After A Passage To India
In the 1930s and 1940s Forster became a successful broadcaster on BBC Radio and a public figure associated with the Union of Ethical Societies. He was awarded a Benson Medal in 1937.
Forster was a closeted homosexual and lifelong bachelor. He developed a long-term, loving relationship with Bob Buckingham, a married policeman. Forster included Buckingham and his wife May in his circle, which included J. R. Ackerley, a writer and literary editor of The Listener, the psychologist W. J. H. Sprott and, for a time, the composer Benjamin Britten. Other writers with whom Forster associated included the poet Siegfried Sassoon and the Belfast-based novelist Forrest Reid.
From 1925 until his mother's death at age 90 on 11 March 1945, Forster lived with her at West Hackhurst, Abinger Hammer, finally leaving on or around 23 September 1946. His London base was 26 Brunswick Square from 1930 to 1939, after which he rented 9 Arlington Park Mansions in Chiswick until at least 1961.

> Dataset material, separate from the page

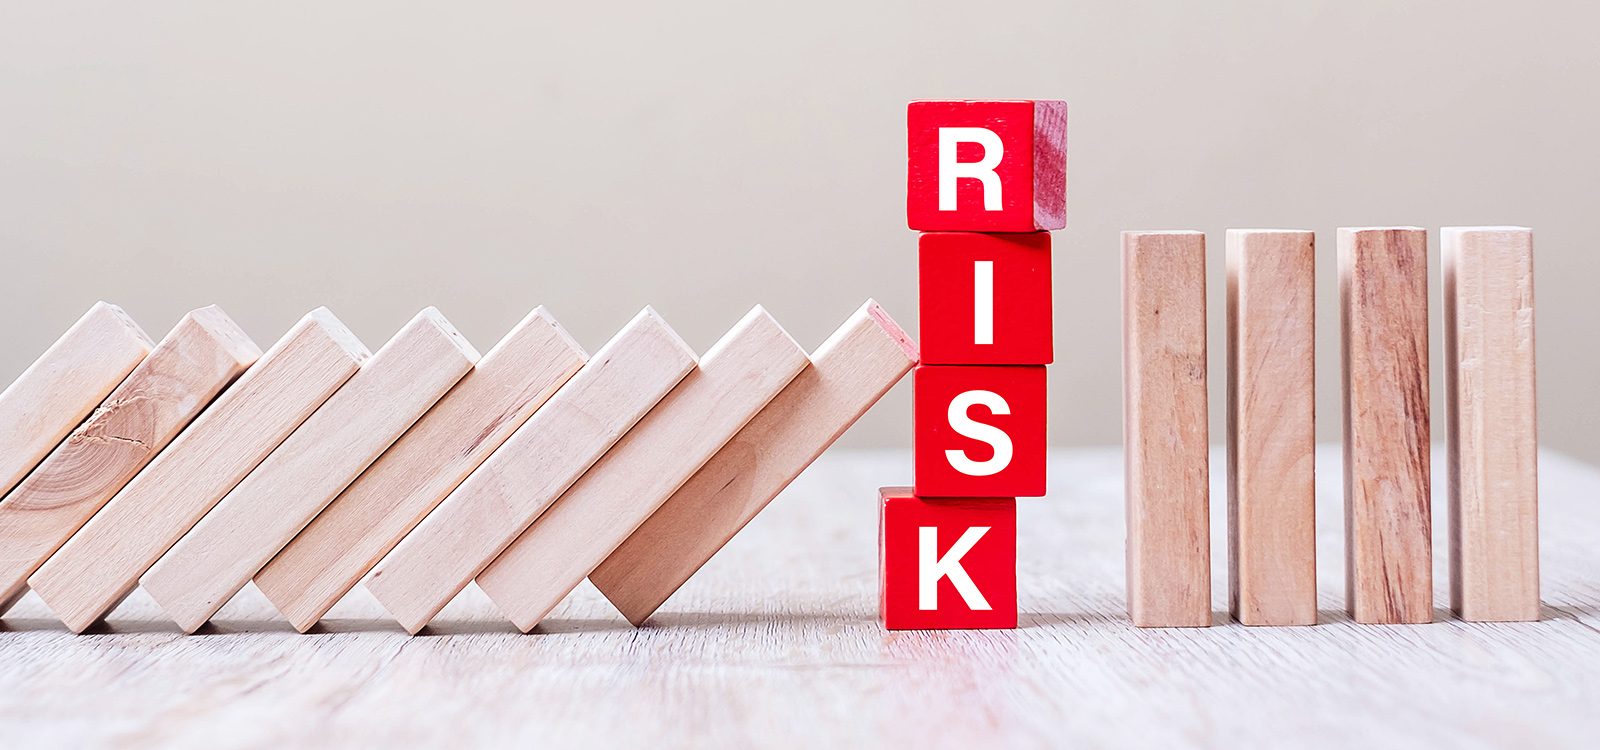 Introducing Enterprise Risk Management

Forster was elected an honorary fellow of King's College, Cambridge in January 1946, and lived for the most part in the college, doing relatively little. He declined a knighthood in 1949 and was made a Companion of Honour in 1953. In 1969 he was made a member of the Order of Merit. Forster died of a stroke in Coventry on 7 June 1970 at the age of 91, at the Buckinghams' home.